Open b-crouch opened 1 month ago

b-crouch commented 1 month ago

Addresses the issue of data organization during model eval (discussed in Slack) via two changes:

  1. Stratifies the train-test split when generating input JSONs (generate_dataset_in_json.py) such that the training and validation sets both have the same distribution of detector types. This avoids the case where the training and validation datasets have fundamentally different structure (e.g. significantly more Rayonix samples in one set than the other)
  2. Randomizes the order in which all events across all experiments are yielded by the IPCDistributedSegmentedDataset entry generator (i.e. it is no longer the case that all events from an experiment run appear consecutively).

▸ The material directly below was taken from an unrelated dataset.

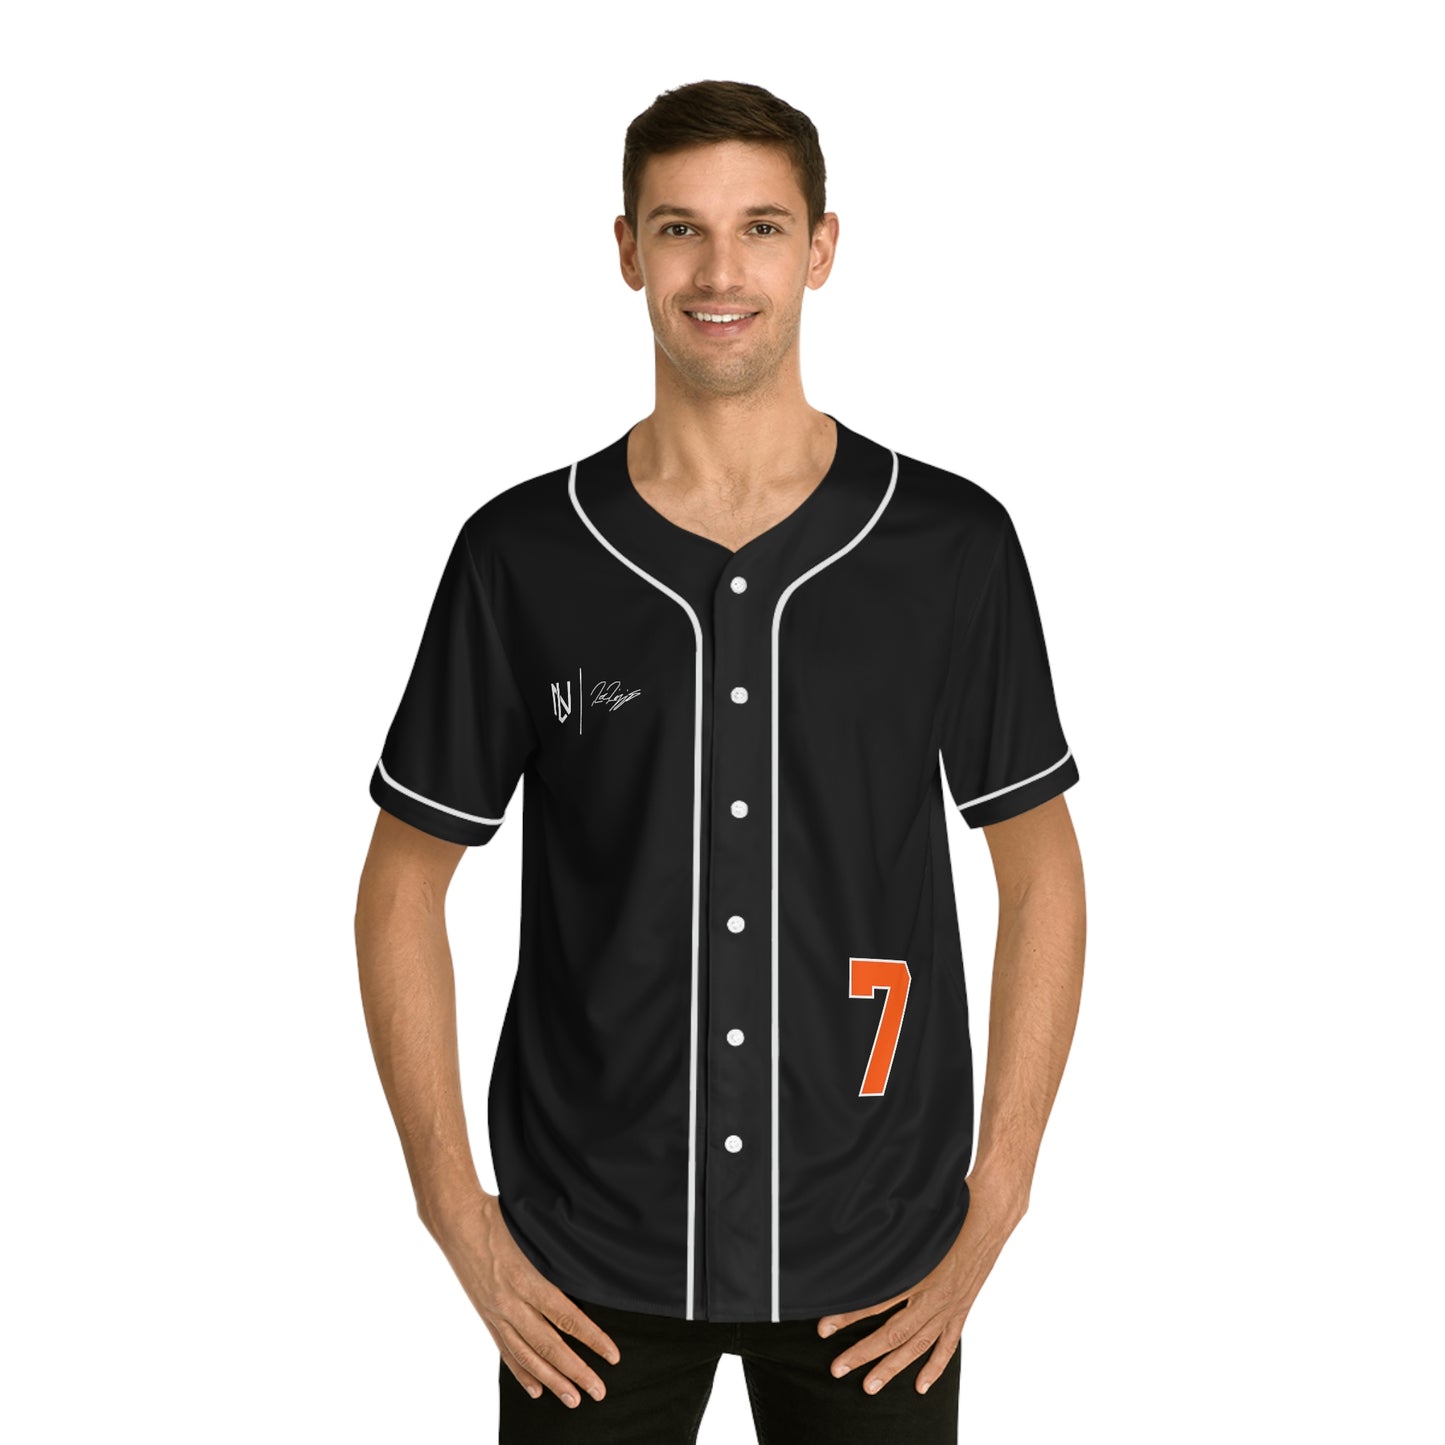 Roc Riggio Baseball Jersey (Black)

This avoids the situation where a sampler only samples events from the same experiment/run, and also introduces more diversity in how many events from the early/middle/late stages of a run appear in a dataset sample
carbonscott commented 1 month ago

Thanks for the PR.

Shuffling the entire dataset in memory should work, but it might get trickier when dataset size grows.

Perhaps round robin scheduling (https://en.wikipedia.org/wiki/Round-robin_scheduling) would help us in this case. Basically, we go through up to certain number of examples for each exp and then move on to the next exp. Then, repeat this cycle until all generators have been exhausted.